(EXERCISE INPUTS)
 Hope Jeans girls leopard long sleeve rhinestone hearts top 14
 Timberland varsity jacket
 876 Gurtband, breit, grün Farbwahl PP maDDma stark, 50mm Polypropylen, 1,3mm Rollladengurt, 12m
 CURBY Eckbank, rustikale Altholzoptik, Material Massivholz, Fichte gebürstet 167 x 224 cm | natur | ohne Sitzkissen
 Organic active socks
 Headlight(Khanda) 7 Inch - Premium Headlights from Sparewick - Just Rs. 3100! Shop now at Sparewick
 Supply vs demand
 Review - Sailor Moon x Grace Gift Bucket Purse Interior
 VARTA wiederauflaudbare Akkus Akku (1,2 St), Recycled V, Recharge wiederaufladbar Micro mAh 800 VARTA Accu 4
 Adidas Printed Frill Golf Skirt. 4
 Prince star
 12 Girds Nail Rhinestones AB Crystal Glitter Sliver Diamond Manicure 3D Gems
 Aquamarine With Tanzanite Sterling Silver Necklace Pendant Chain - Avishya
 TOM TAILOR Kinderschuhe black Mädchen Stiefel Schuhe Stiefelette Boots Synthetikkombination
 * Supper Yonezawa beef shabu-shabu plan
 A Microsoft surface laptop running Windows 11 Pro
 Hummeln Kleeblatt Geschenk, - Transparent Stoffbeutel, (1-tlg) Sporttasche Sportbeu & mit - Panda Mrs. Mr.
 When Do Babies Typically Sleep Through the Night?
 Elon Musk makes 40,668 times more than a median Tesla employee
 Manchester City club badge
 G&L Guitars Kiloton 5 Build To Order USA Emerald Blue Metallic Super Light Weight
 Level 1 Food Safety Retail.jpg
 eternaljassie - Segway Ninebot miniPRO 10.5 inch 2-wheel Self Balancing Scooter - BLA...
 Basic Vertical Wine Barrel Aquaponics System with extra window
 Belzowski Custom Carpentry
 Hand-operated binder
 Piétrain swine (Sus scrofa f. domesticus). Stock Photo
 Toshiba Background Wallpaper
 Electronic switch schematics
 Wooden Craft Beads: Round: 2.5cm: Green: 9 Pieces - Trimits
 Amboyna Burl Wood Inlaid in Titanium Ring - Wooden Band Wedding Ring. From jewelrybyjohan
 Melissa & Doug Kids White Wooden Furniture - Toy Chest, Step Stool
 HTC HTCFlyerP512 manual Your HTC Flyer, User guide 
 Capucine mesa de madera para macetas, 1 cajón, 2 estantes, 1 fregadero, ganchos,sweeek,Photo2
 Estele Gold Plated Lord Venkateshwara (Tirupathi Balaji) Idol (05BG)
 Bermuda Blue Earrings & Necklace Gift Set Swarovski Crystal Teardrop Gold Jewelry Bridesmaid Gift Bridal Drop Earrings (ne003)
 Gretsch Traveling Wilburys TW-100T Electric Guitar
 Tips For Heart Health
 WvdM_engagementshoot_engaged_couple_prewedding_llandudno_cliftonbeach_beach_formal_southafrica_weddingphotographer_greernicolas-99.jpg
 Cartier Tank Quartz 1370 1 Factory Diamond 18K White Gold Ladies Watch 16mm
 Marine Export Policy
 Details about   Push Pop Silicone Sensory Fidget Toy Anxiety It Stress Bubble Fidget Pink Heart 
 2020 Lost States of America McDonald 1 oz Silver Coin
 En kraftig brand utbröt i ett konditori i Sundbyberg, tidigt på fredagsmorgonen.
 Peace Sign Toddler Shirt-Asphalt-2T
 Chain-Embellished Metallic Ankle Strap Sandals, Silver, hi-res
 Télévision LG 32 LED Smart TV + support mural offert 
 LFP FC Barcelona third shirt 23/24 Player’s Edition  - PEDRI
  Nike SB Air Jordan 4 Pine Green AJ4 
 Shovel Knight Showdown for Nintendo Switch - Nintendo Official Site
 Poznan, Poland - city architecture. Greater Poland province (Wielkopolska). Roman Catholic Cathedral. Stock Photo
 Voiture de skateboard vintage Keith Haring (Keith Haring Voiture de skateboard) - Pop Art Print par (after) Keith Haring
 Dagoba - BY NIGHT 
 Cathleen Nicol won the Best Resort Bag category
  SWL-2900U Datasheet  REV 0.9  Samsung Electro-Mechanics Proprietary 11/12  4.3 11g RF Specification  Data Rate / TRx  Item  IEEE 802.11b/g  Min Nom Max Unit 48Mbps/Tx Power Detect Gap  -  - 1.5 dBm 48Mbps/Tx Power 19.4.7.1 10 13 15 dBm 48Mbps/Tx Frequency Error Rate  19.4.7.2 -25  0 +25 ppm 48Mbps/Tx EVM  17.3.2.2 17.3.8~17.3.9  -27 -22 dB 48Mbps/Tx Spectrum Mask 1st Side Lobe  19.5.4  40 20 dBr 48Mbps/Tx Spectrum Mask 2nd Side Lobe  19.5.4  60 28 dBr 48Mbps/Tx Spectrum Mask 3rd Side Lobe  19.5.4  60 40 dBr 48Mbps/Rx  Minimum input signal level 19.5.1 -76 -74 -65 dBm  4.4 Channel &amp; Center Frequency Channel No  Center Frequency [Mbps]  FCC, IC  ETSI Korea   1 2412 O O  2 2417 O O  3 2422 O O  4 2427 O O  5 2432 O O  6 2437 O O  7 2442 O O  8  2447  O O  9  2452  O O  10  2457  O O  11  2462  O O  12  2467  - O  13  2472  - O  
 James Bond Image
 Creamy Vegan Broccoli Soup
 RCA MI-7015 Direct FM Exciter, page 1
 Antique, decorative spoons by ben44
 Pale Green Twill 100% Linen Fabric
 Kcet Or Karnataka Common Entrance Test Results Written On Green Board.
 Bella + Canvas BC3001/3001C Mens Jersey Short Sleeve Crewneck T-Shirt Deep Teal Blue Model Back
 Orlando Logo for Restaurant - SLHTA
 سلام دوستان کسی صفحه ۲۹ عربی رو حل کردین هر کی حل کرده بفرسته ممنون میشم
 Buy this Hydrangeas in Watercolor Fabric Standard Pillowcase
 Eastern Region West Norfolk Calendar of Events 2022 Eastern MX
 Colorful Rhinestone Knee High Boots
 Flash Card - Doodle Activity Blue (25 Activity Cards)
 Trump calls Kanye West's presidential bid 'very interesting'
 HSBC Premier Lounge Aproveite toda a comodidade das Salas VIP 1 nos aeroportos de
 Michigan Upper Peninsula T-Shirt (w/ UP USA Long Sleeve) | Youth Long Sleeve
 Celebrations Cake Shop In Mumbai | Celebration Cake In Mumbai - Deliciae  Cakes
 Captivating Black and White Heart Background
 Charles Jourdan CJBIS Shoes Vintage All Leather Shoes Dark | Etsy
(End EXERCISE INPUTS)
◆ **WORK INSTRUCTIONS**:
An exact restatement of all the entries above is needed.

◆ **OUTPUT FOR THIS TASK**:
 Hope Jeans girls leopard long sleeve rhinestone hearts top 14
 Timberland varsity jacket
 876 Gurtband, breit, grün Farbwahl PP maDDma stark, 50mm Polypropylen, 1,3mm Rollladengurt, 12m
 CURBY Eckbank, rustikale Altholzoptik, Material Massivholz, Fichte gebürstet 167 x 224 cm | natur | ohne Sitzkissen
 Organic active socks
 Headlight(Khanda) 7 Inch - Premium Headlights from Sparewick - Just Rs. 3100! Shop now at Sparewick
 Supply vs demand
 Review - Sailor Moon x Grace Gift Bucket Purse Interior
 VARTA wiederauflaudbare Akkus Akku (1,2 St), Recycled V, Recharge wiederaufladbar Micro mAh 800 VARTA Accu 4
 Adidas Printed Frill Golf Skirt. 4
 Prince star
 12 Girds Nail Rhinestones AB Crystal Glitter Sliver Diamond Manicure 3D Gems
 Aquamarine With Tanzanite Sterling Silver Necklace Pendant Chain - Avishya
 TOM TAILOR Kinderschuhe black Mädchen Stiefel Schuhe Stiefelette Boots Synthetikkombination
 * Supper Yonezawa beef shabu-shabu plan
 A Microsoft surface laptop running Windows 11 Pro
 Hummeln Kleeblatt Geschenk, - Transparent Stoffbeutel, (1-tlg) Sporttasche Sportbeu & mit - Panda Mrs. Mr.
 When Do Babies Typically Sleep Through the Night?
 Elon Musk makes 40,668 times more than a median Tesla employee
 Manchester City club badge
 G&L Guitars Kiloton 5 Build To Order USA Emerald Blue Metallic Super Light Weight
 Level 1 Food Safety Retail.jpg
 eternaljassie - Segway Ninebot miniPRO 10.5 inch 2-wheel Self Balancing Scooter - BLA...
 Basic Vertical Wine Barrel Aquaponics System with extra window
 Belzowski Custom Carpentry
 Hand-operated binder
 Piétrain swine (Sus scrofa f. domesticus). Stock Photo
 Toshiba Background Wallpaper
 Electronic switch schematics
 Wooden Craft Beads: Round: 2.5cm: Green: 9 Pieces - Trimits
 Amboyna Burl Wood Inlaid in Titanium Ring - Wooden Band Wedding Ring. From jewelrybyjohan
 Melissa & Doug Kids White Wooden Furniture - Toy Chest, Step Stool
 HTC HTCFlyerP512 manual Your HTC Flyer, User guide 
 Capucine mesa de madera para macetas, 1 cajón, 2 estantes, 1 fregadero, ganchos,sweeek,Photo2
 Estele Gold Plated Lord Venkateshwara (Tirupathi Balaji) Idol (05BG)
 Bermuda Blue Earrings & Necklace Gift Set Swarovski Crystal Teardrop Gold Jewelry Bridesmaid Gift Bridal Drop Earrings (ne003)
 Gretsch Traveling Wilburys TW-100T Electric Guitar
 Tips For Heart Health
 WvdM_engagementshoot_engaged_couple_prewedding_llandudno_cliftonbeach_beach_formal_southafrica_weddingphotographer_greernicolas-99.jpg
 Cartier Tank Quartz 1370 1 Factory Diamond 18K White Gold Ladies Watch 16mm
 Marine Export Policy
 Details about   Push Pop Silicone Sensory Fidget Toy Anxiety It Stress Bubble Fidget Pink Heart 
 2020 Lost States of America McDonald 1 oz Silver Coin
 En kraftig brand utbröt i ett konditori i Sundbyberg, tidigt på fredagsmorgonen.
 Peace Sign Toddler Shirt-Asphalt-2T
 Chain-Embellished Metallic Ankle Strap Sandals, Silver, hi-res
 Télévision LG 32 LED Smart TV + support mural offert 
 LFP FC Barcelona third shirt 23/24 Player’s Edition  - PEDRI
  Nike SB Air Jordan 4 Pine Green AJ4 
 Shovel Knight Showdown for Nintendo Switch - Nintendo Official Site
 Poznan, Poland - city architecture. Greater Poland province (Wielkopolska). Roman Catholic Cathedral. Stock Photo
 Voiture de skateboard vintage Keith Haring (Keith Haring Voiture de skateboard) - Pop Art Print par (after) Keith Haring
 Dagoba - BY NIGHT 
 Cathleen Nicol won the Best Resort Bag category
  SWL-2900U Datasheet  REV 0.9  Samsung Electro-Mechanics Proprietary 11/12  4.3 11g RF Specification  Data Rate / TRx  Item  IEEE 802.11b/g  Min Nom Max Unit 48Mbps/Tx Power Detect Gap  -  - 1.5 dBm 48Mbps/Tx Power 19.4.7.1 10 13 15 dBm 48Mbps/Tx Frequency Error Rate  19.4.7.2 -25  0 +25 ppm 48Mbps/Tx EVM  17.3.2.2 17.3.8~17.3.9  -27 -22 dB 48Mbps/Tx Spectrum Mask 1st Side Lobe  19.5.4  40 20 dBr 48Mbps/Tx Spectrum Mask 2nd Side Lobe  19.5.4  60 28 dBr 48Mbps/Tx Spectrum Mask 3rd Side Lobe  19.5.4  60 40 dBr 48Mbps/Rx  Minimum input signal level 19.5.1 -76 -74 -65 dBm  4.4 Channel &amp; Center Frequency Channel No  Center Frequency [Mbps]  FCC, IC  ETSI Korea   1 2412 O O  2 2417 O O  3 2422 O O  4 2427 O O  5 2432 O O  6 2437 O O  7 2442 O O  8  2447  O O  9  2452  O O  10  2457  O O  11  2462  O O  12  2467  - O  13  2472  - O  
 James Bond Image
 Creamy Vegan Broccoli Soup
 RCA MI-7015 Direct FM Exciter, page 1
 Antique, decorative spoons by ben44
 Pale Green Twill 100% Linen Fabric
 Kcet Or Karnataka Common Entrance Test Results Written On Green Board.
 Bella + Canvas BC3001/3001C Mens Jersey Short Sleeve Crewneck T-Shirt Deep Teal Blue Model Back
 Orlando Logo for Restaurant - SLHTA
 سلام دوستان کسی صفحه ۲۹ عربی رو حل کردین هر کی حل کرده بفرسته ممنون میشم
 Buy this Hydrangeas in Watercolor Fabric Standard Pillowcase
 Eastern Region West Norfolk Calendar of Events 2022 Eastern MX
 Colorful Rhinestone Knee High Boots
 Flash Card - Doodle Activity Blue (25 Activity Cards)
 Trump calls Kanye West's presidential bid 'very interesting'
 HSBC Premier Lounge Aproveite toda a comodidade das Salas VIP 1 nos aeroportos de
 Michigan Upper Peninsula T-Shirt (w/ UP USA Long Sleeve) | Youth Long Sleeve
 Celebrations Cake Shop In Mumbai | Celebration Cake In Mumbai - Deliciae  Cakes
 Captivating Black and White Heart Background
 Charles Jourdan CJBIS Shoes Vintage All Leather Shoes Dark | Etsy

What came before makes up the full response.